Every line of the material is to be returned verbatim. Pictures stay out.

DATA BLOCK.
--

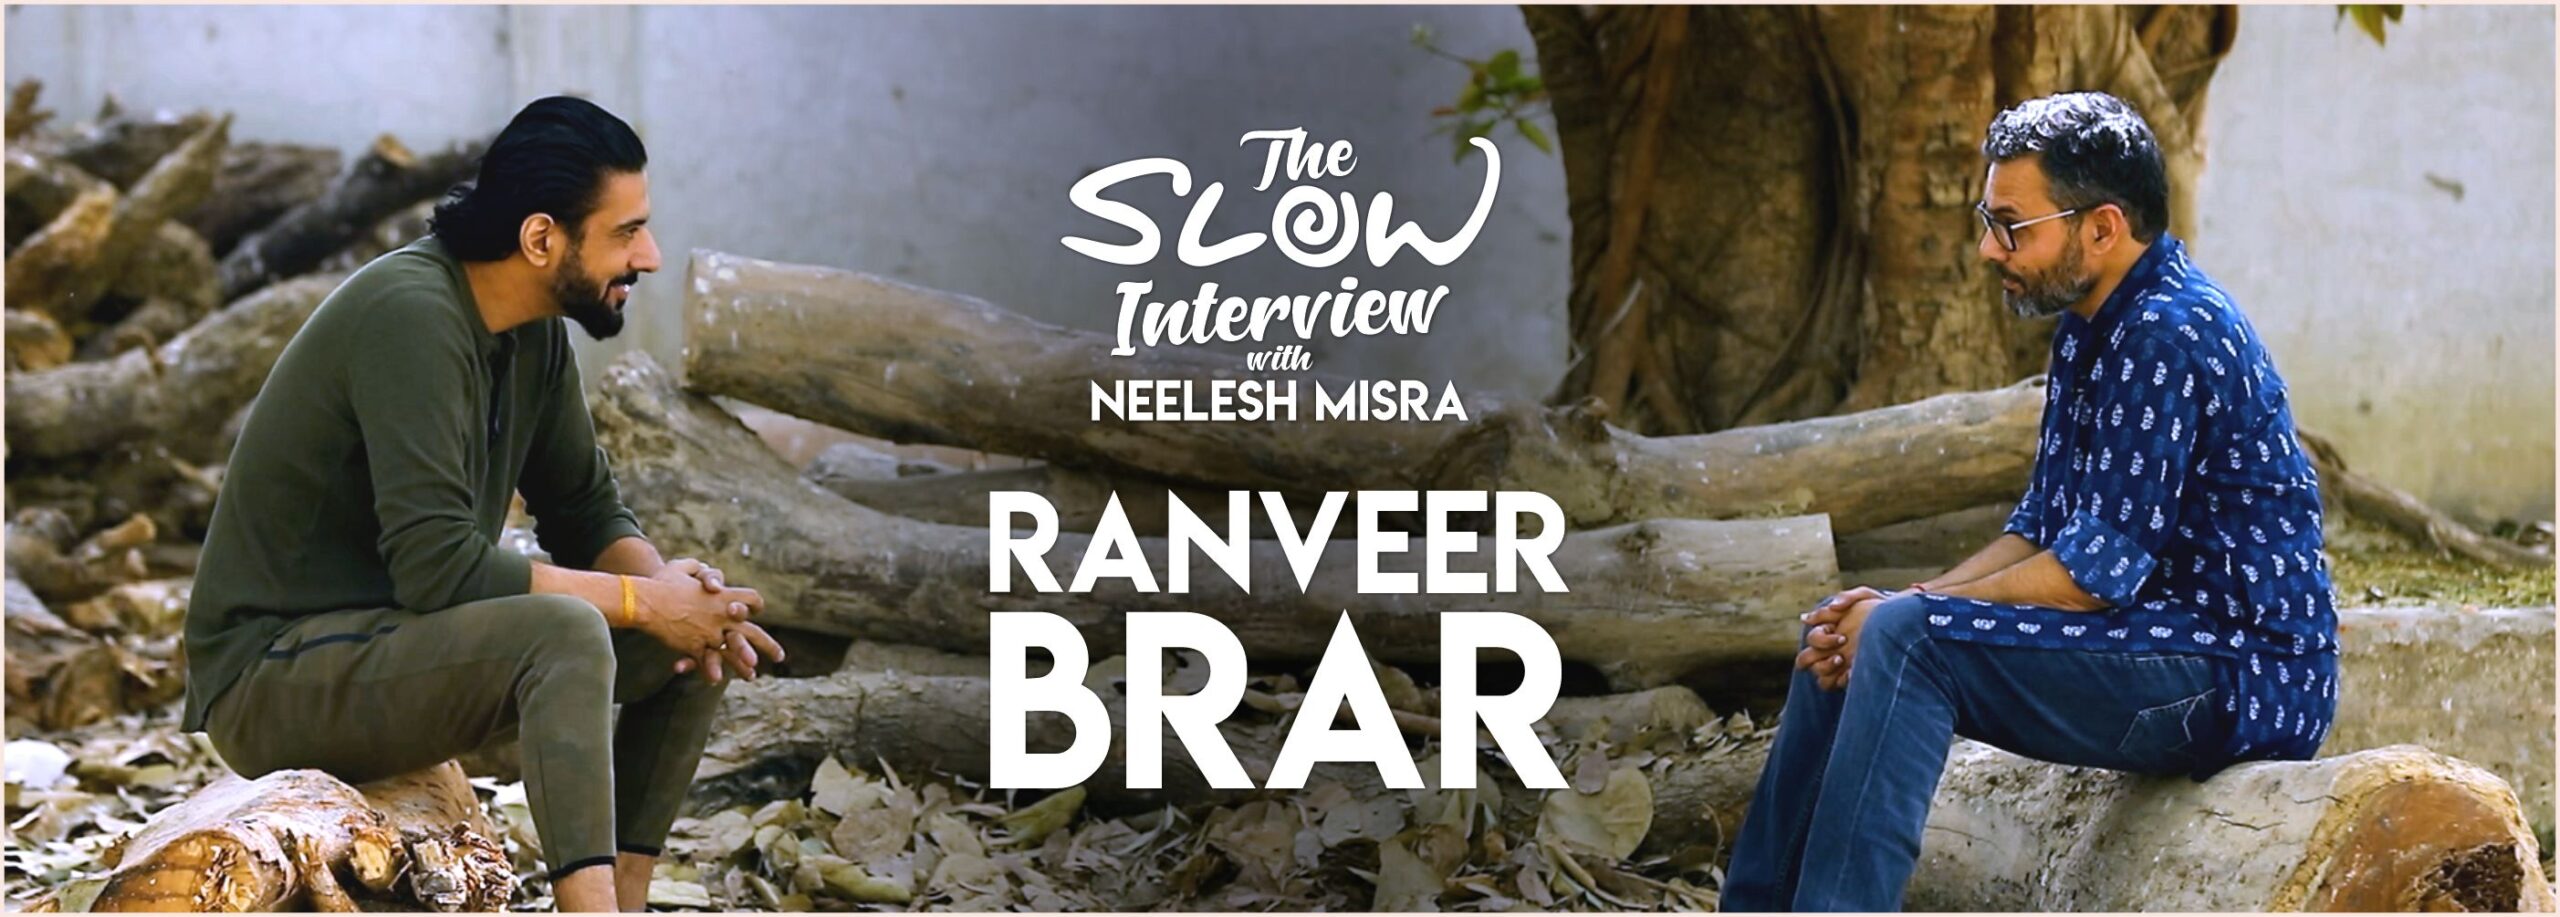 slow-interview-ranveer-brar
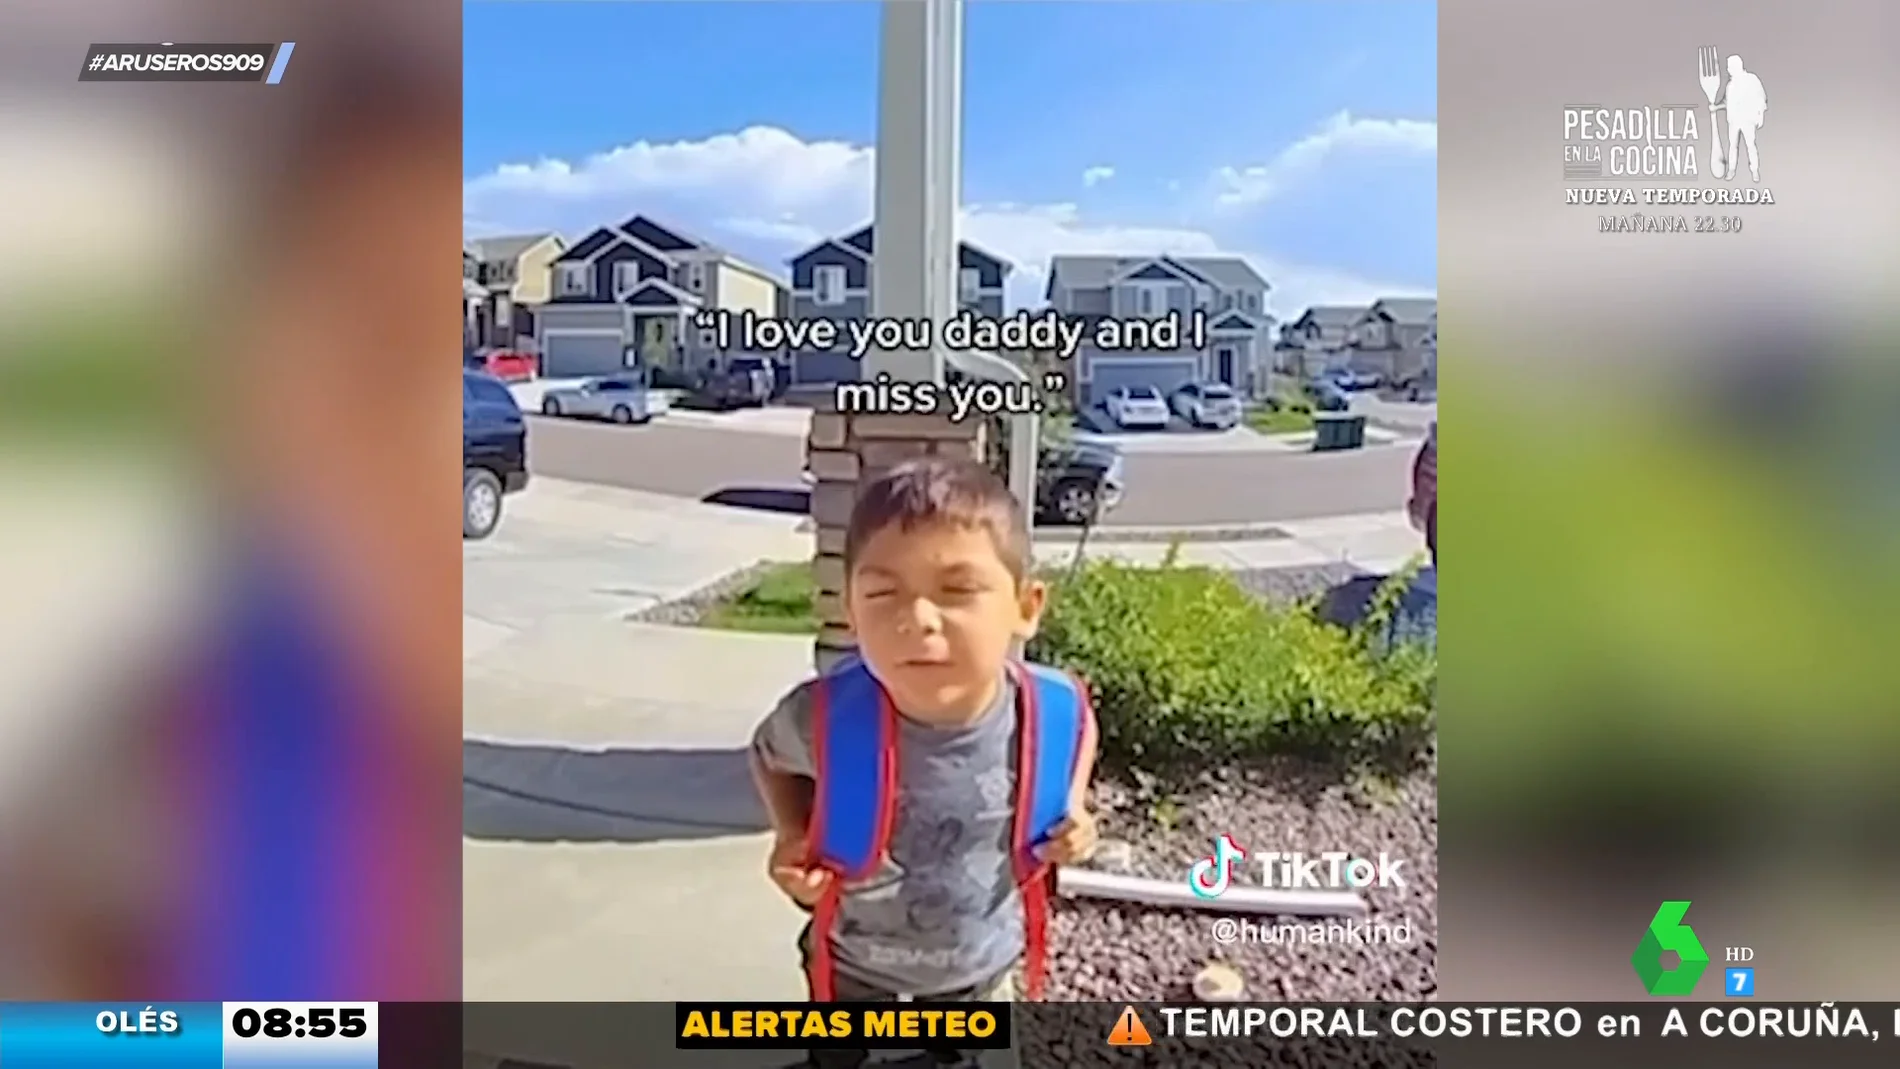 La tierna técnica de este niño para comunicarse con su padre cuando tiene que ausentarse de casa
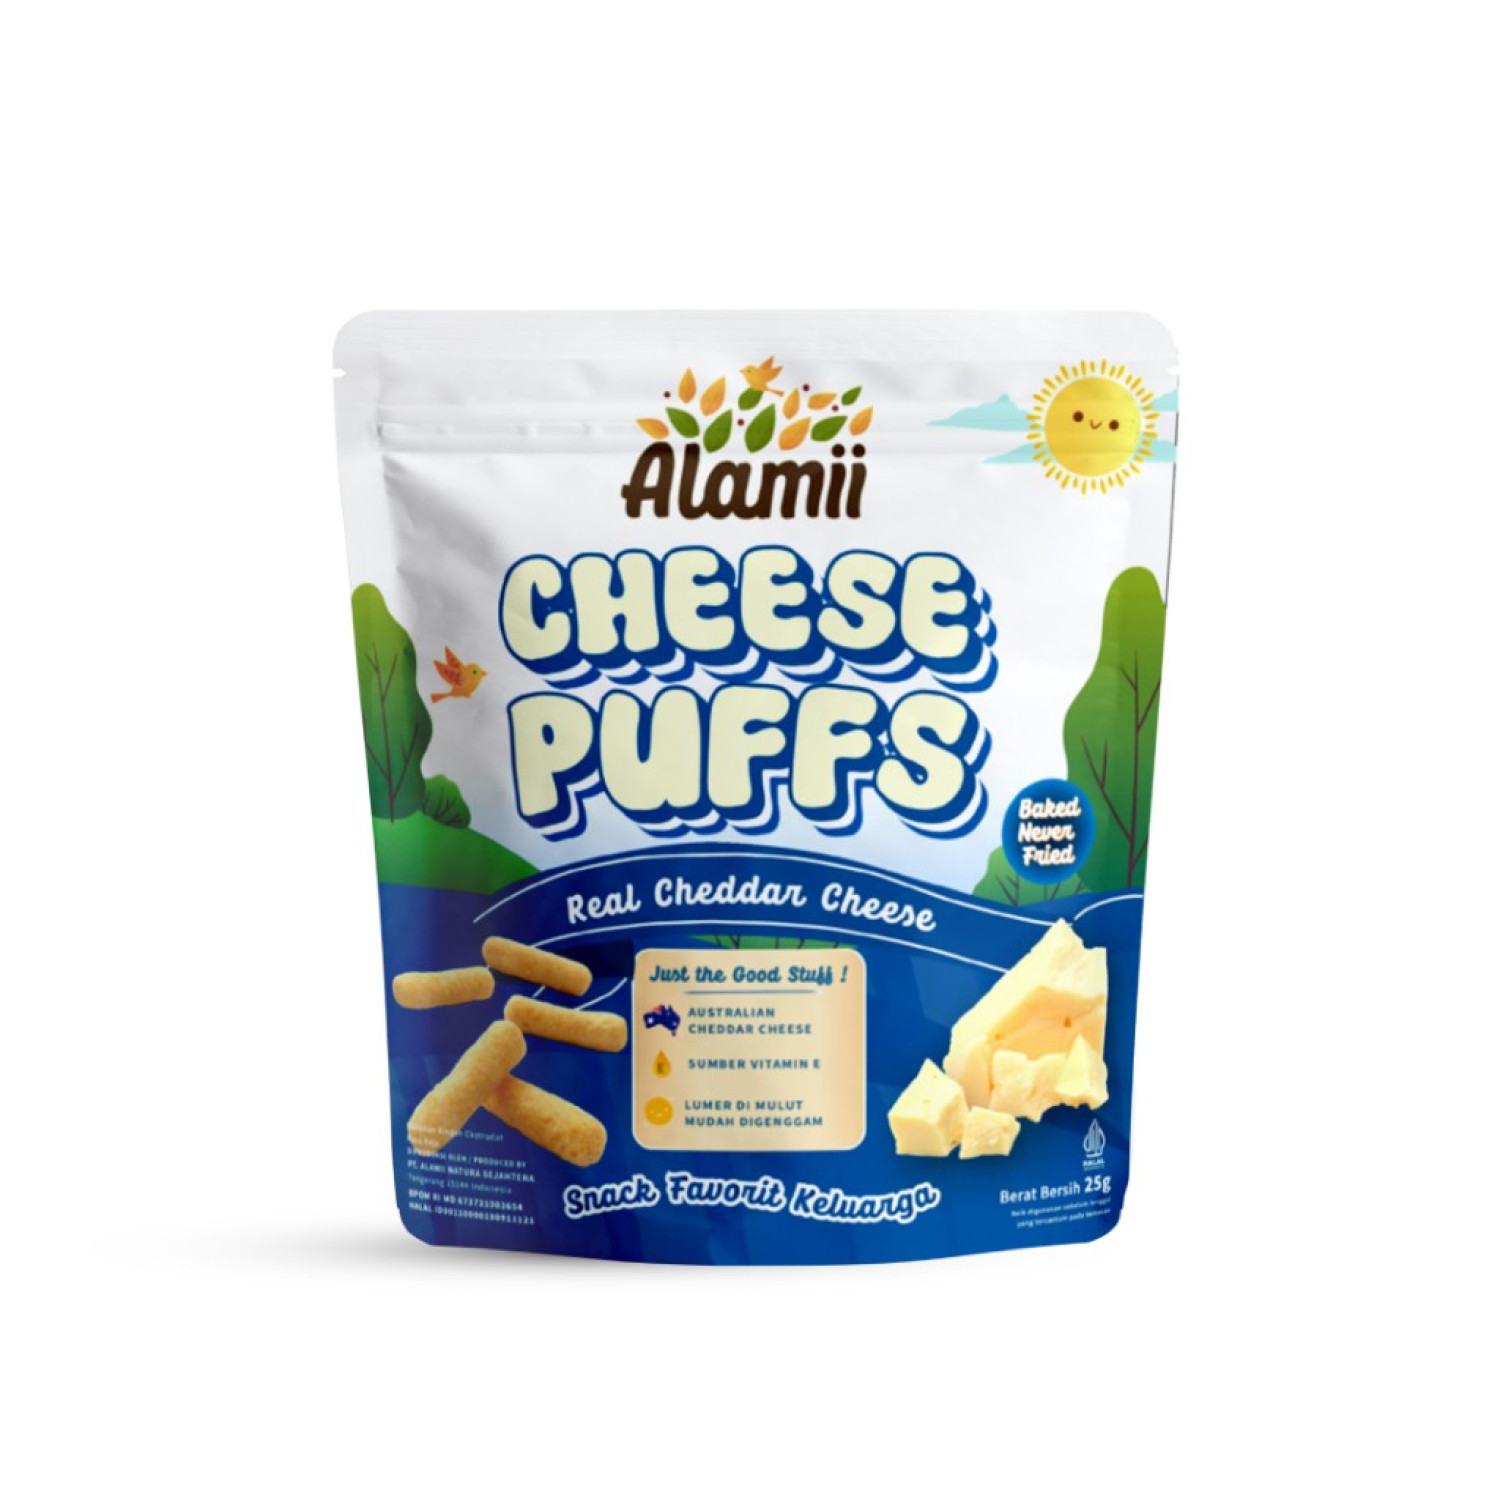 alamii-cheese-puffs-25-gr-65655daf9cef4.jpeg
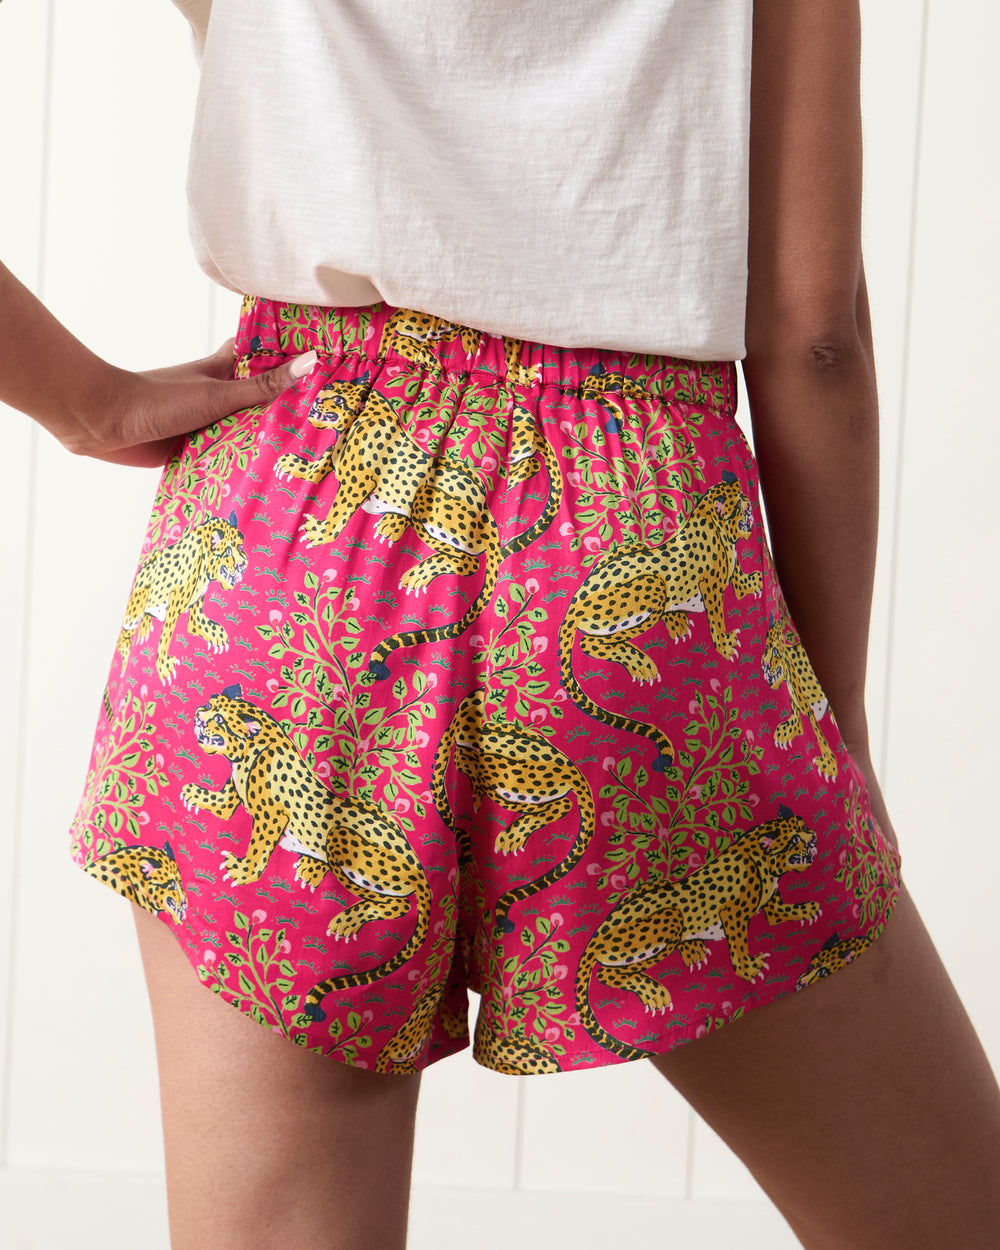 Bagheera - Satin Sweet Dreams Shorts - Hot Pink - Printfresh

--

RESULT BELOW.
 slow-interview-ranveer-brar
 La tierna técnica de este niño para comunicarse con su padre cuando tiene que ausentarse de casa
 alamii-cheese-puffs-25-gr-65655daf9cef4.jpeg
 Bagheera - Satin Sweet Dreams Shorts - Hot Pink - Printfresh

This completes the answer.